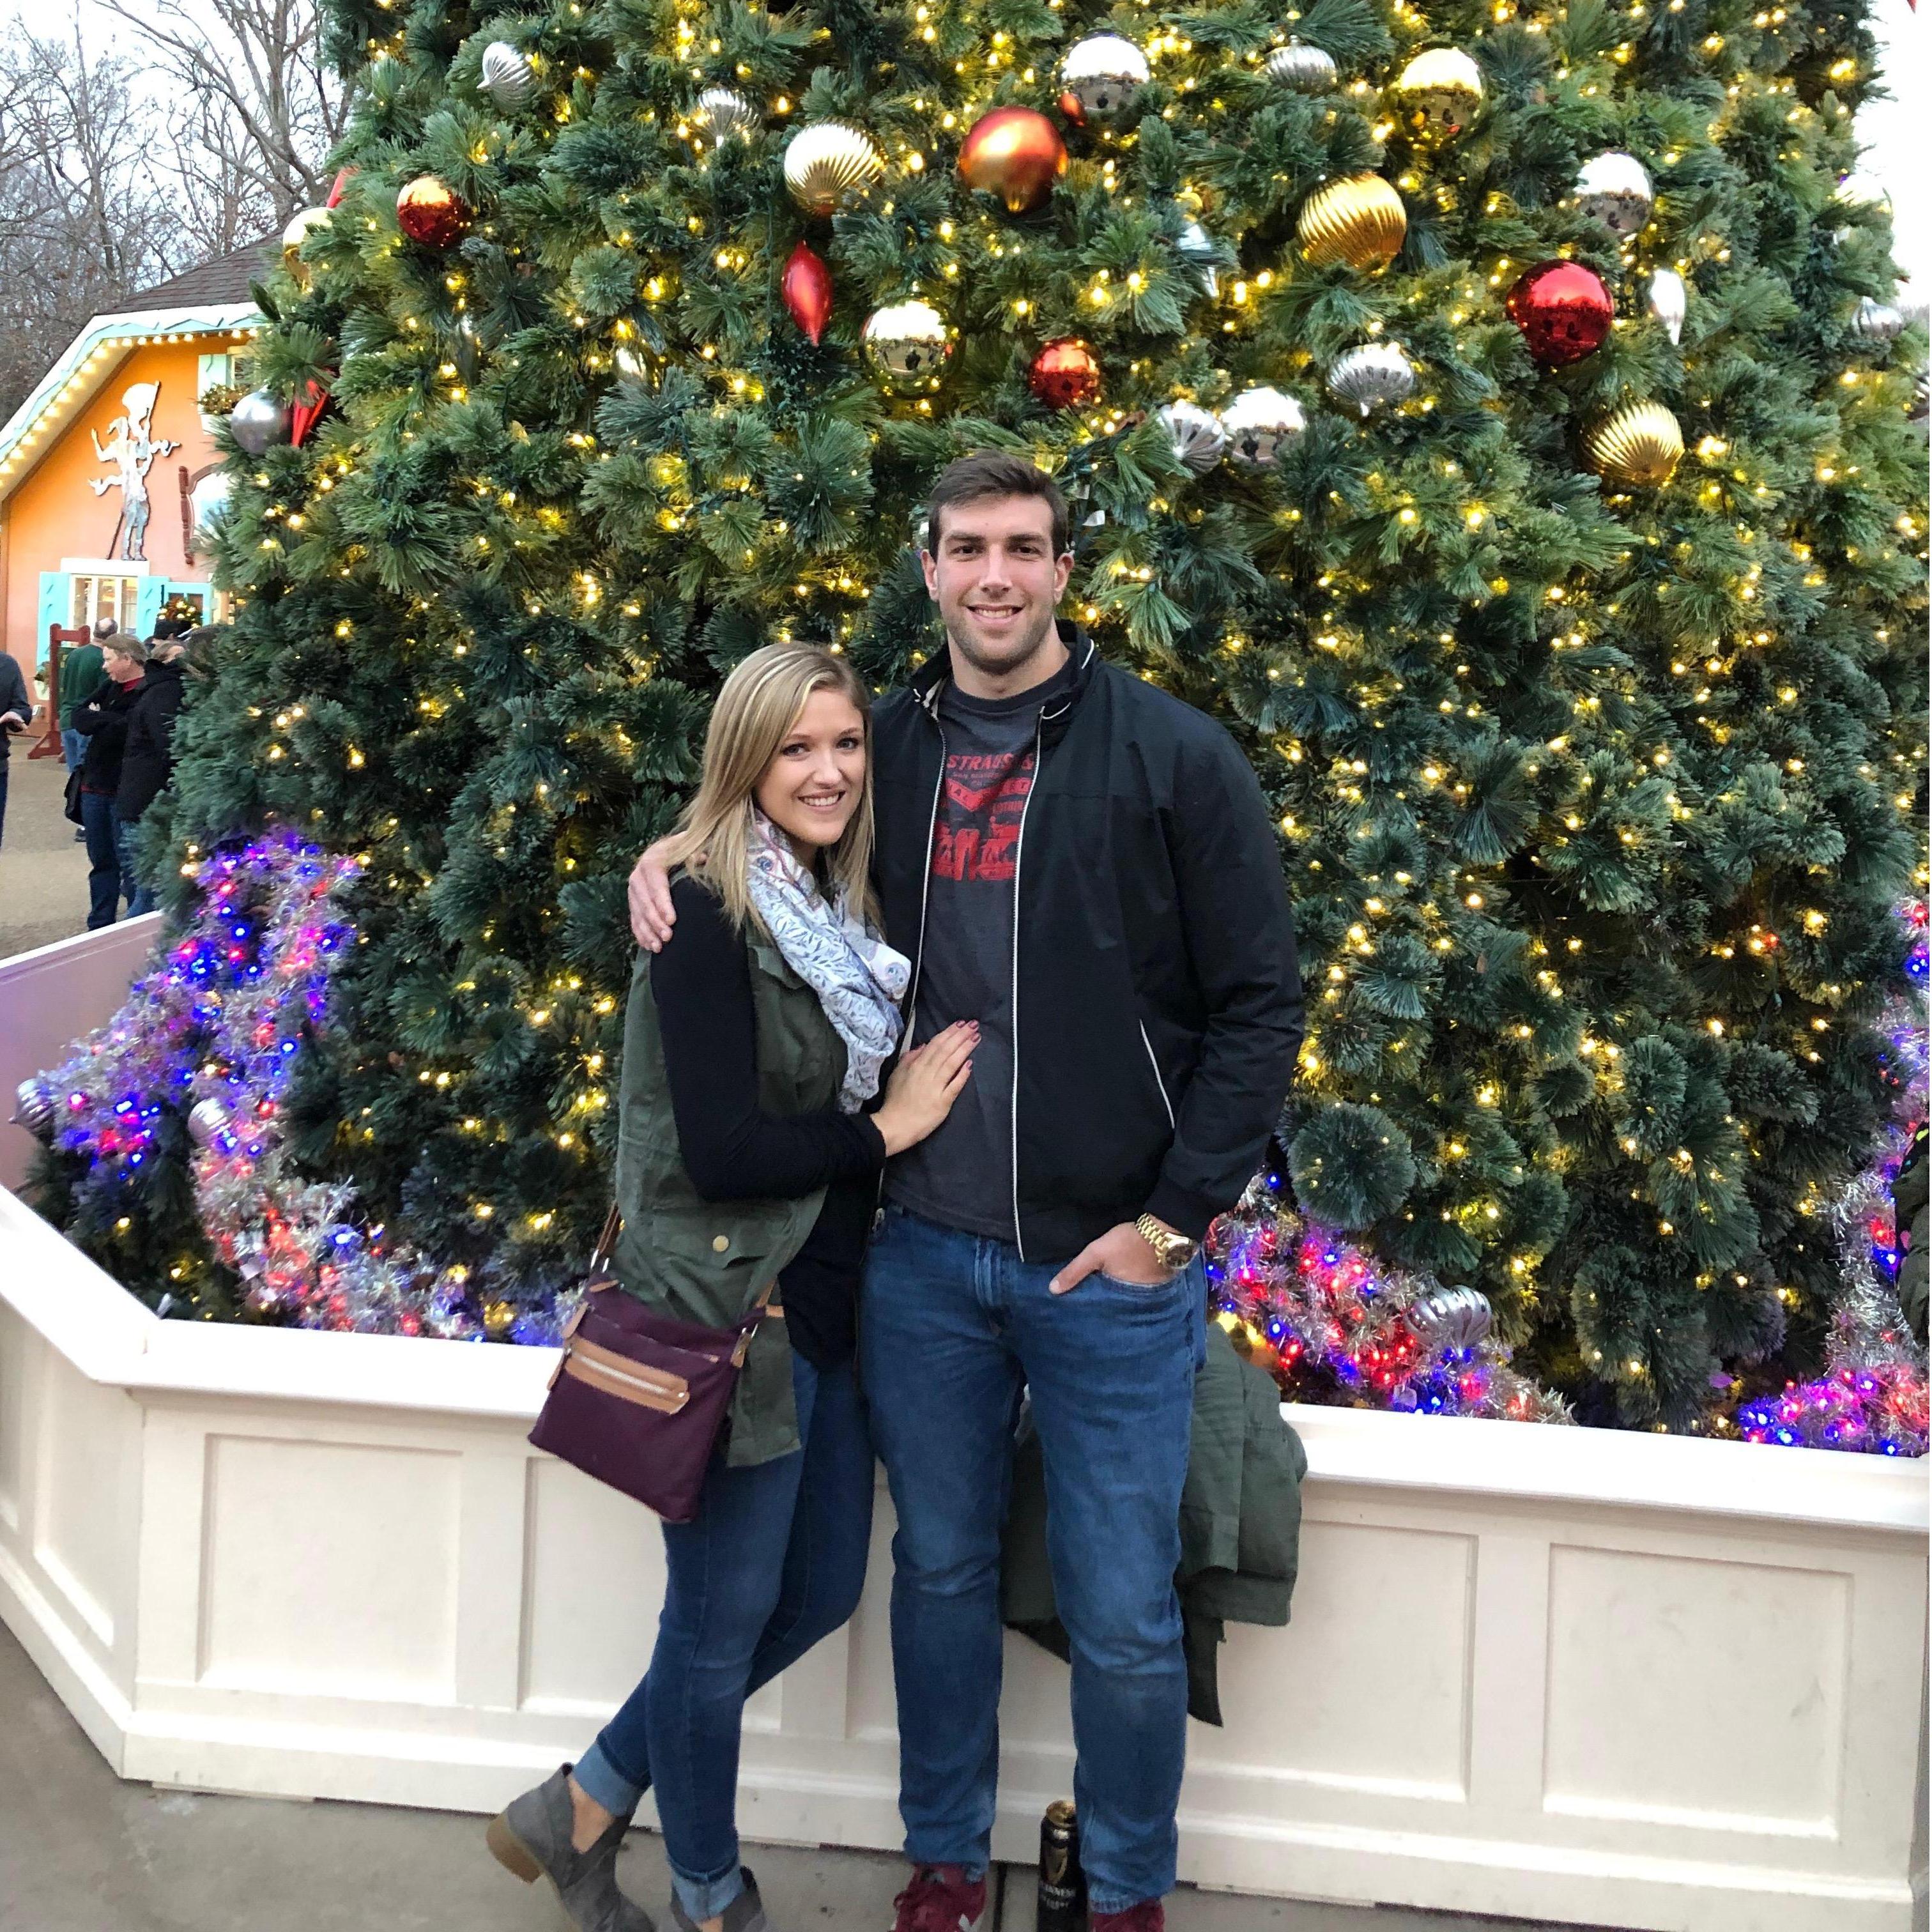 We went to Busch Gardens Christmas Town to recreate Europe where we met. Fake Europe was almost as good, but with hot pretzels.
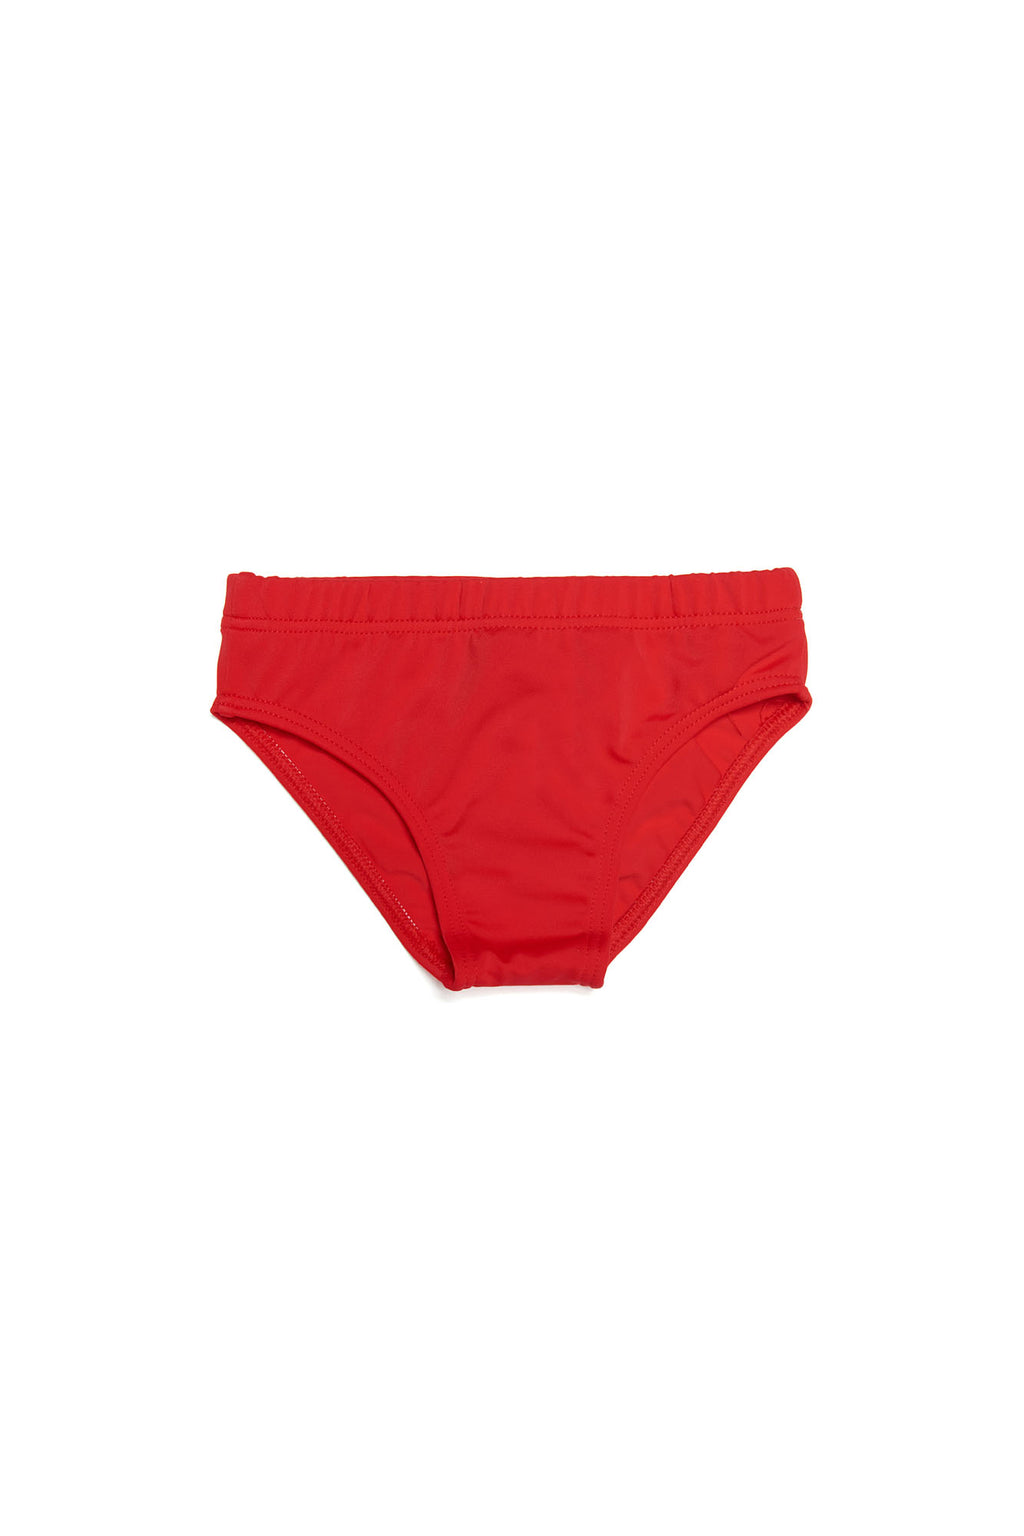 Red lycra brief costume with logo
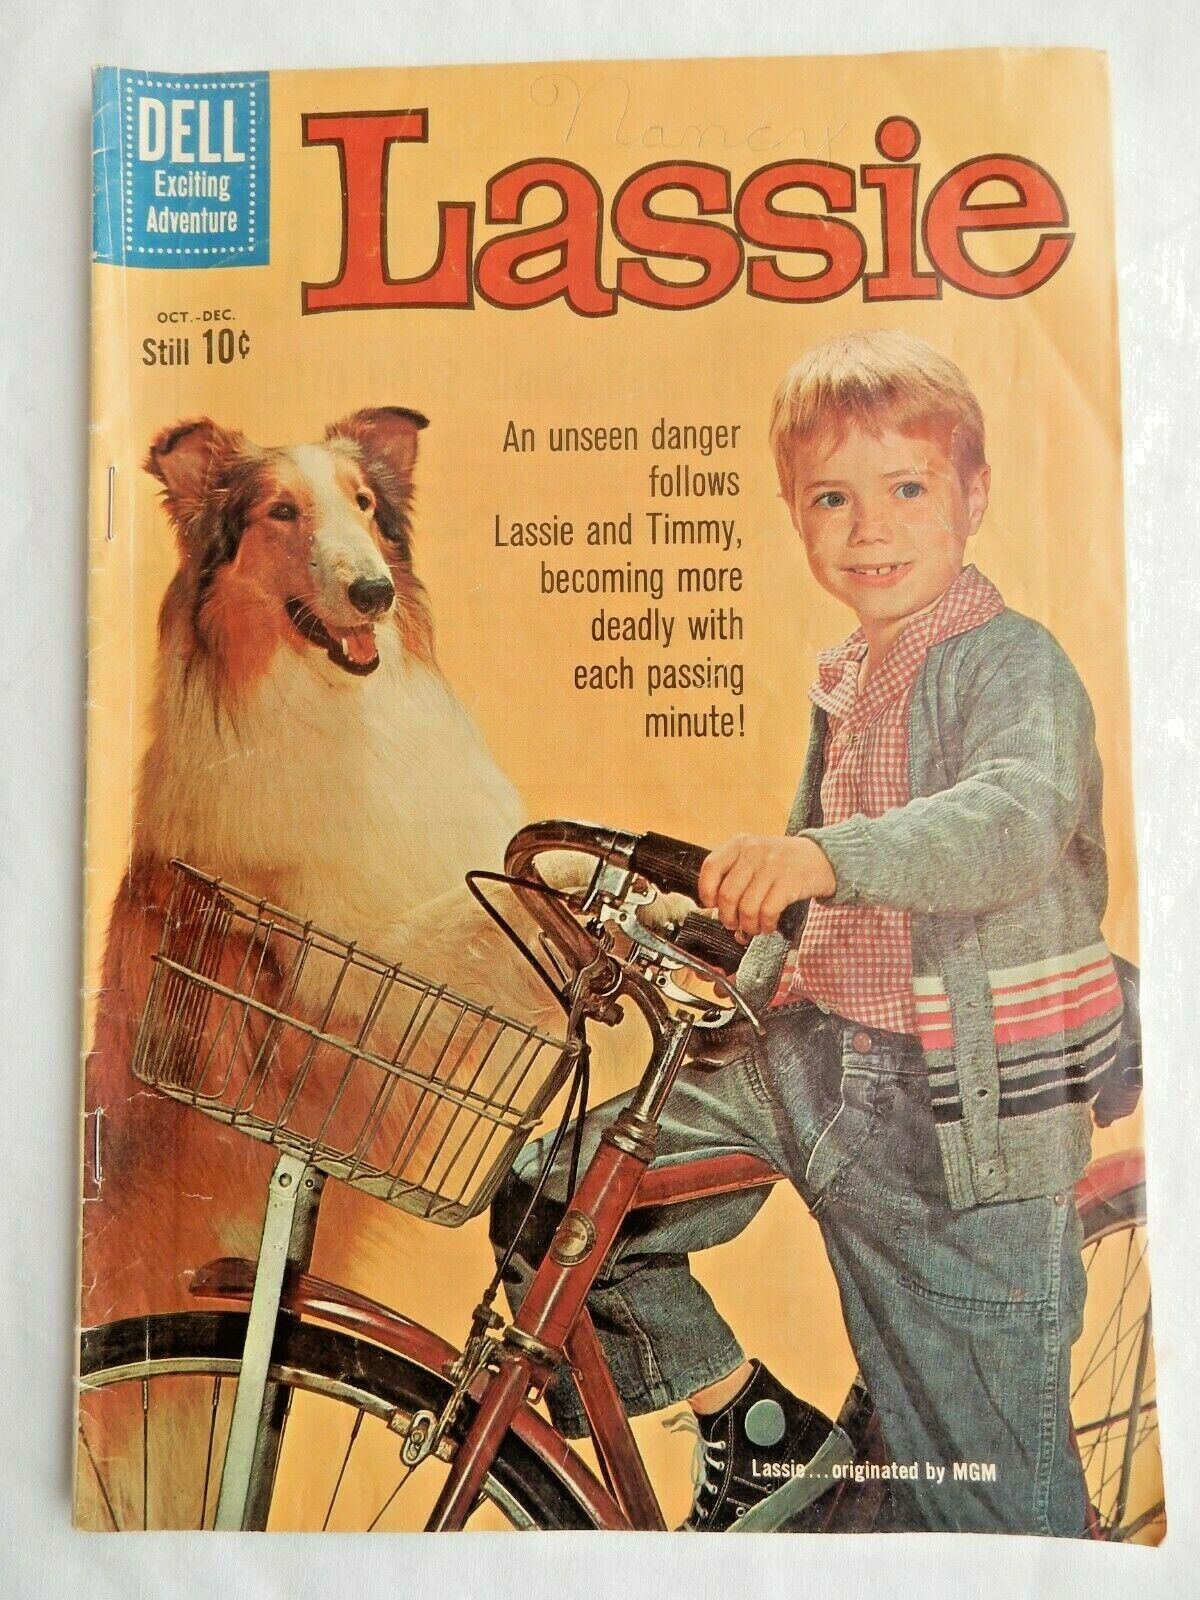 Lassie-Volume 1, Number #51, Oct.-Dec.1960-Dell Comic-MGM TV Show-Good Condition
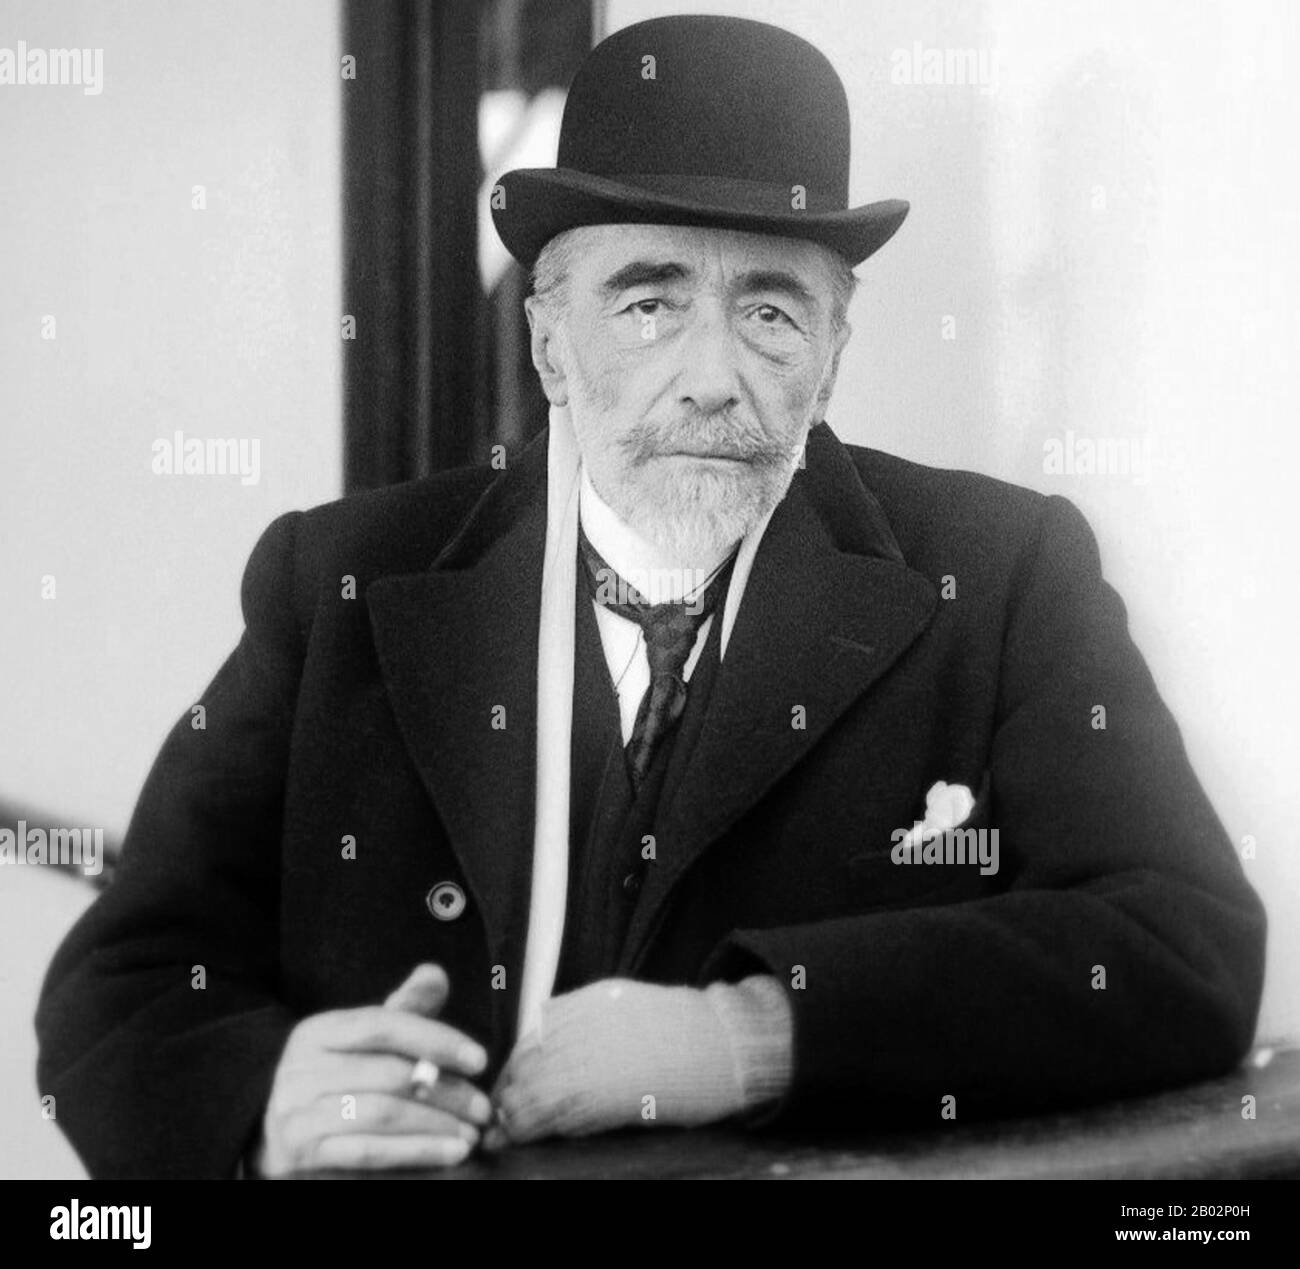 UK / Poland: Joseph Conrad, born Józef Teodor Konrad Korzeniowski (1857-1924) arriving in New York by ship, 1920. Joseph Conrad (born Józef Teodor Konrad Korzeniowski in Berdichev, Ukraine) was a Polish novelist who wrote in English, after settling in England. Conrad is regarded as one of the great novelists in English, although he did not speak the language fluently until he was in his twenties (and then always with a marked Polish accent). Stock Photo

## [Aim of the task]
The answer should match the data above word for word, with no pictures in it.

## [Solution]
 We went to Busch Gardens Christmas Town to recreate Europe where we met. Fake Europe was almost as good, but with hot pretzels.
 Red lycra brief costume with logo
 Lassie-Volume 1, Number #51, Oct.-Dec.1960-Dell Comic-MGM TV Show-Good Condition
 UK / Poland: Joseph Conrad, born Józef Teodor Konrad Korzeniowski (1857-1924) arriving in New York by ship, 1920. Joseph Conrad (born Józef Teodor Konrad Korzeniowski in Berdichev, Ukraine) was a Polish novelist who wrote in English, after settling in England. Conrad is regarded as one of the great novelists in English, although he did not speak the language fluently until he was in his twenties (and then always with a marked Polish accent). Stock Photo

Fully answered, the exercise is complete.